* **Task to complete**: Using the data below, print exactly the line with "美容院 Beauty Salon: 琥珀美容 Amber Beauty (銅鑼灣店)", the line with "Personuppgiftsbiträdet ska följa", and every line between them, but none of the pictures.

* **Records shown**:
——————————

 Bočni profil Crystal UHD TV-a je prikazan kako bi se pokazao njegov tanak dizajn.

——————————

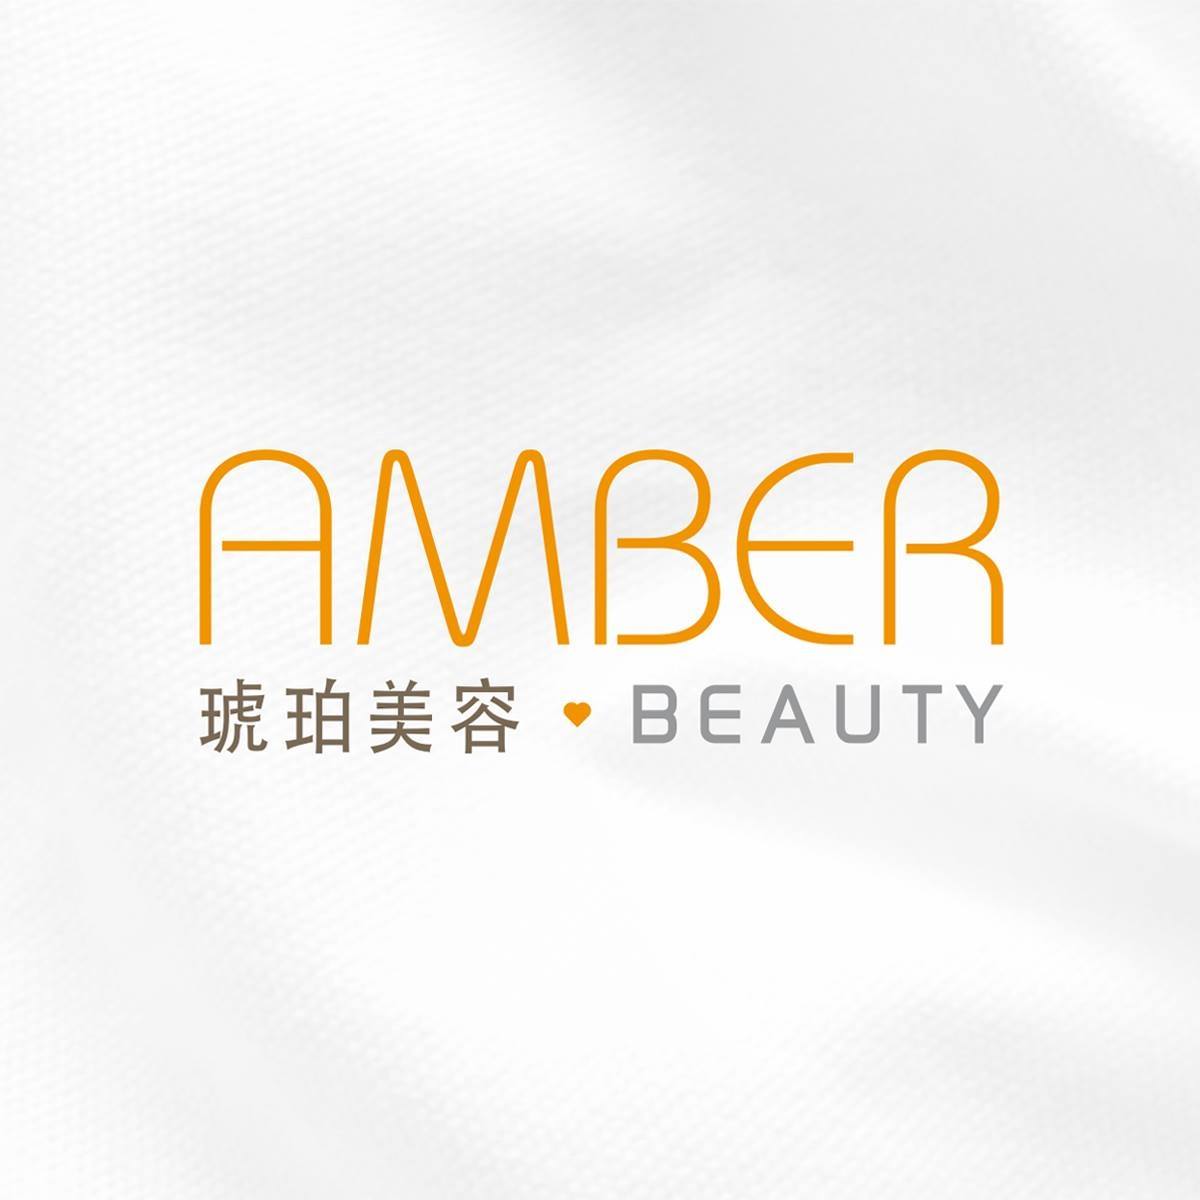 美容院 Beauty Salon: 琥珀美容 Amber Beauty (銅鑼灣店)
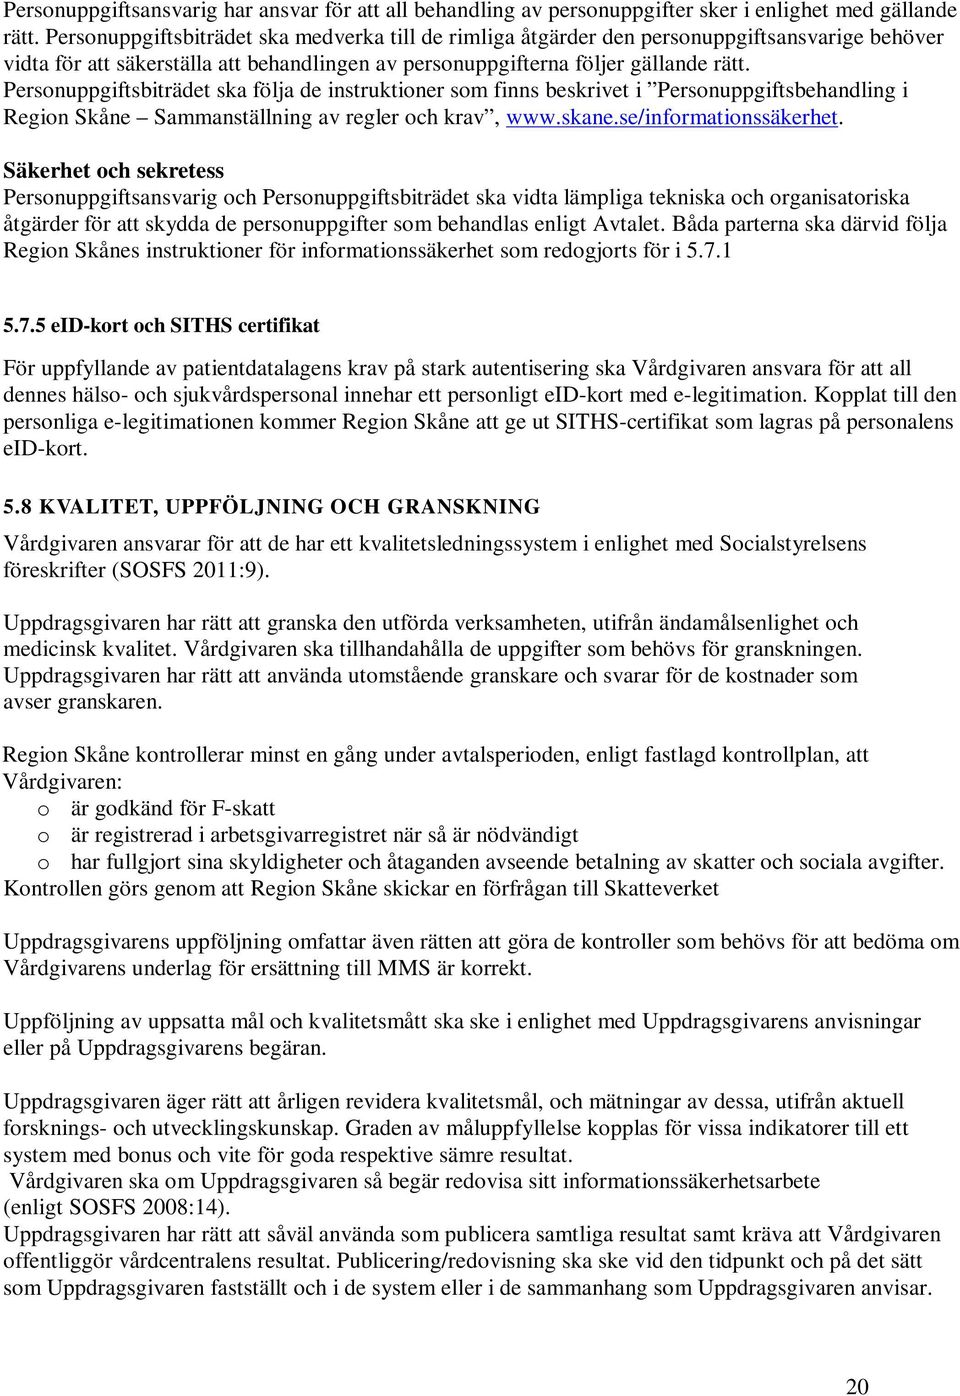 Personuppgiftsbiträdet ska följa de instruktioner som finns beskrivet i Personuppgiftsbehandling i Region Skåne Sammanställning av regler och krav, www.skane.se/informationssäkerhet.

——————————

* **Task output**:
 美容院 Beauty Salon: 琥珀美容 Amber Beauty (銅鑼灣店)
 Personuppgiftsbiträdet ska följa de instruktioner som finns beskrivet i Personuppgiftsbehandling i Region Skåne Sammanställning av regler och krav, www.skane.se/informationssäkerhet.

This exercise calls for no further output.